Metamath Proof Explorer


Definition df-fi

Description: Function whose value is the class of finite intersections of the elements of the argument. Note that the empty intersection being the universal class, hence a proper class, it cannot be an element of that class.

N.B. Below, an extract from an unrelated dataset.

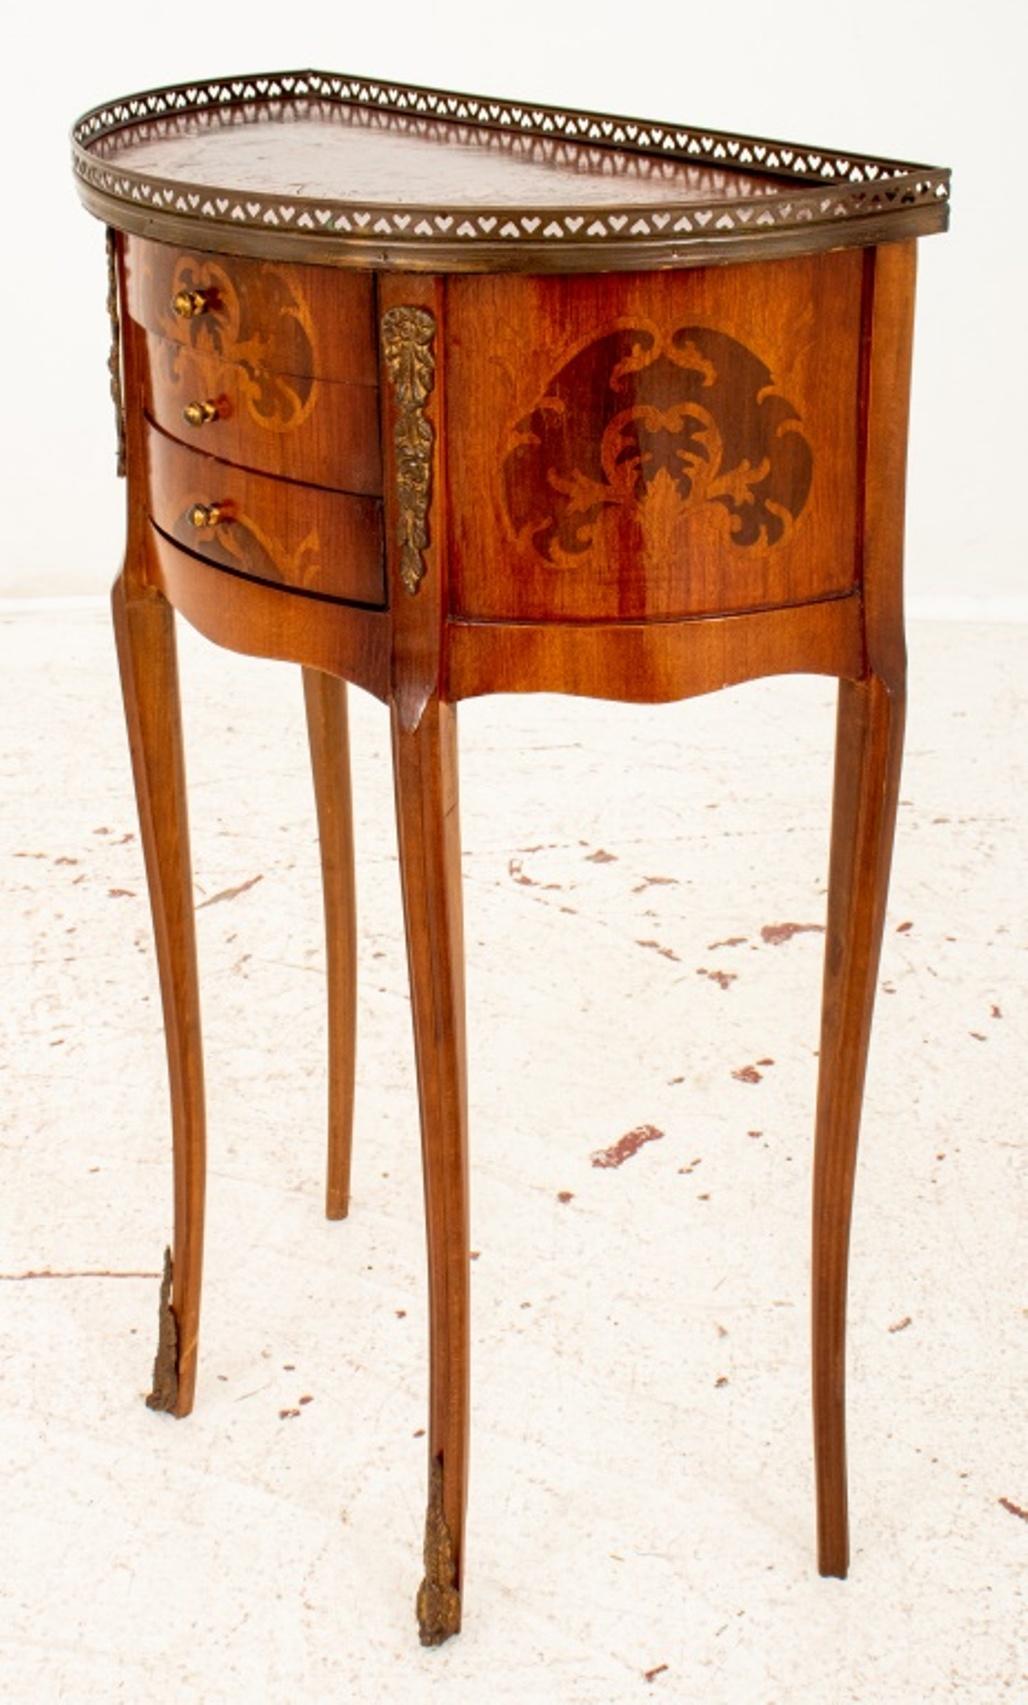 Louis XV style demilune marquetry nightstand, the giltmetal reticulated galleried top with floral marquetry designs above two drawers, on elongated cabriole legs. 

Dimensions: 29.5

Therefore, the function value is the class of nonempty finite intersections of elements of the argument (see elfi2 ). (Contributed by FL, 27-Apr-2008)

Ref Expression
Assertion df-fi
|- fi = ( x e. _V |-> { z | E. y e. ( ~P x i^i Fin ) z = |^| y } )

Detailed syntax breakdown

Step Hyp Ref Expression
0 cfi
 |-  fi
1 vx
 |-  x
2 cvv
 |-  _V
3 vz
 |-  z
4 vy
 |-  y
5 1 cv
 |-  x
6 5 cpw
 |-  ~P x
7 cfn
 |-  Fin
8 6 7 cin
 |-  ( ~P x i^i Fin )
9 3 cv
 |-  z
10 4 cv
 |-  y
11 10 cint
 |-  |^| y
12 9 11 wceq
 |-  z = |^| y
13 12 4 8 wrex
 |-  E. y e. ( ~P x i^i Fin ) z = |^| y
14 13 3 cab
 |-  { z | E. y e. ( ~P x i^i Fin ) z = |^| y }
15 1 2 14 cmpt
 |-  ( x e. _V |-> { z | E. y e. ( ~P x i^i Fin ) z = |^| y } )
16 0 15 wceq
 |-  fi = ( x e. _V |-> { z | E. y e. ( ~P x i^i Fin ) z = |^| y } )